COVID - 19 - Rebelote pour la fermeture des gymnases


Suite à l'annonce avant-hier du Ministre de la Santé Olivier Véran en réponse à la recrudescence de l'épidémie, certaines régions devront faire face à des restrictions supplémentaires, dont la fermeture des gymnases.


Cette annonce a pris de cours bon nombre des institutions qui gèrent ces gymnases, et, en ce vendredi soir, veille de week-end, souvent synonyme d'activité sportive, régnait encore un flou concernant les tenants et les aboutissants de cette mesure.


Pour les régions qui ne sont pas en zone d'alerte renforcée (voir la carte ici pour savoir si votre département est impacté), la mesure n'a pas d'incidence directe - pour le moment en tous cas.

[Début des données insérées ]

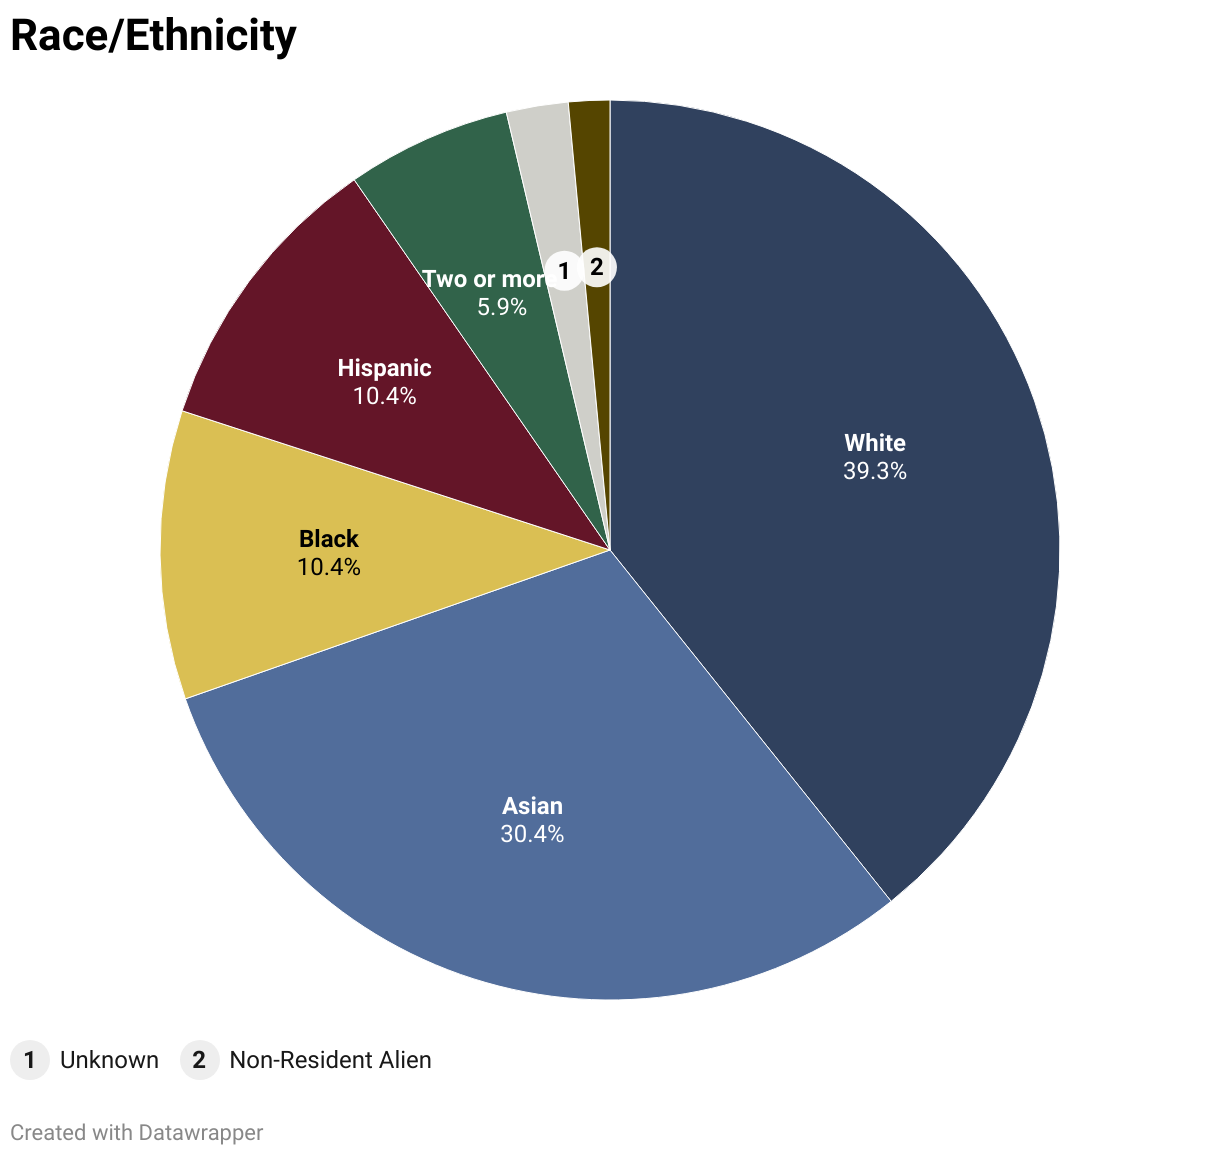 30.37% Asian, 10.37% Black, 10.37% Hispanic, 5.92% Two or more, 1.48% Non-Resident Alien, 2.22% Unknown, 39.25% White

Pour les autres, la mesure de fermeture des salles de sport et des gymnases est déjà effective dans certaines régions, où les préfets - les seuls habilités à interdire les fermetures de gymnases, en accord avec les mairies, ont déjà fait appliquer la mesure. Mais dans d'autres villes, la décision n'est pas encore officiellement annoncée - ou effective. Du coté de la FFbaD, pas de communication non plus sur les incidences de cette mesure ou son application.


En tout état de cause, cette annonce de 15 jours de disette sportive rappelle celle du confinement, qui avait aussi commencé par une période similaire, avant d'être prolongée à plusieurs reprises. Ce qui pourrait être le cas encore une fois, si l'épidémie continuait à se développer - les derniers chiffres de contaminations parus jeudi soir faisaient état d'un nouveau record à plus de 16 000 cas.


Différence notable avec le mois de mars : l'accueil de cette mesure par nombre de professionnels - des sportifs, mais également des scientifiques et médecins, qui expriment pour certains leur interrogation quant au bien-fondé de l'interdiction de l'activité sportive en gymnase. Notamment car cette dernière génère bien souvent une immunité plus efficace contre les virus en général. Avec, pour argument supplémentaire, qu'il n'y a pas de corrélation prouvée entre la pratique sportive et la diffusion du virus, surtout lorsque les mesures barrière sont correctement appliquées.


A Paris, notamment, les responsables politiques ont envoyé une lettre aux responsables des sections sportives où ils remettent en cause cette décision, même s'ils entendent dans un premier temps l'appliquer :


"Comme vous, nous avons appris hier soir la décision brutale de la fermeture des salles de sports et des gymnases annoncée par le Ministre de la Santé pour faire face à la situation sanitaire qui s’aggrave à Paris et en Ile-de-France. Aucun chiffre et aucune alerte particulière sur le potentiel « contaminant » des installations et activités sportives ne nous sont remontées. Cette décision va à l’encontre de notre souhait d’adapter nos activités à la situation particulière que nous vivons. Comme vous, nous sommes inquiets quant à la poursuite des activités sportives à Paris." explique ainsi Pierre RABADAN, Adjoint à la Maire de Paris, chargé du sport.


D'autres - parmi lesquels des médecins également, dont ceux au contact des personnes en danger - font état de leur vive préoccupation face au nombre d'hospitalisations et à la tension dans le milieu hospitalier et tendent à approuver la fermeture des espaces en intérieur où le port du masque est compliqué.


Les débats sont lancés, mais les volants, eux, risquent fort de rester dans leurs boites pour un petit moment, d'autant que la pratique en extérieur - l'Air Badminton par exemple - sera sans doute moins facile avec l'automne qui débarque dans l'hexagone.


DERNIERE MINUTE


"Les gymnases et les piscines pourront rester ouverts aux mineurs qui pratiquent le sport en clubs et en associations, ainsi qu'aux sportifs de haut niveau et aux étudiants STAPS, a fait savoir vendredi le ministère des Sports à l'AFP, à l'issue d'une réunion avec les acteurs du monde sportif."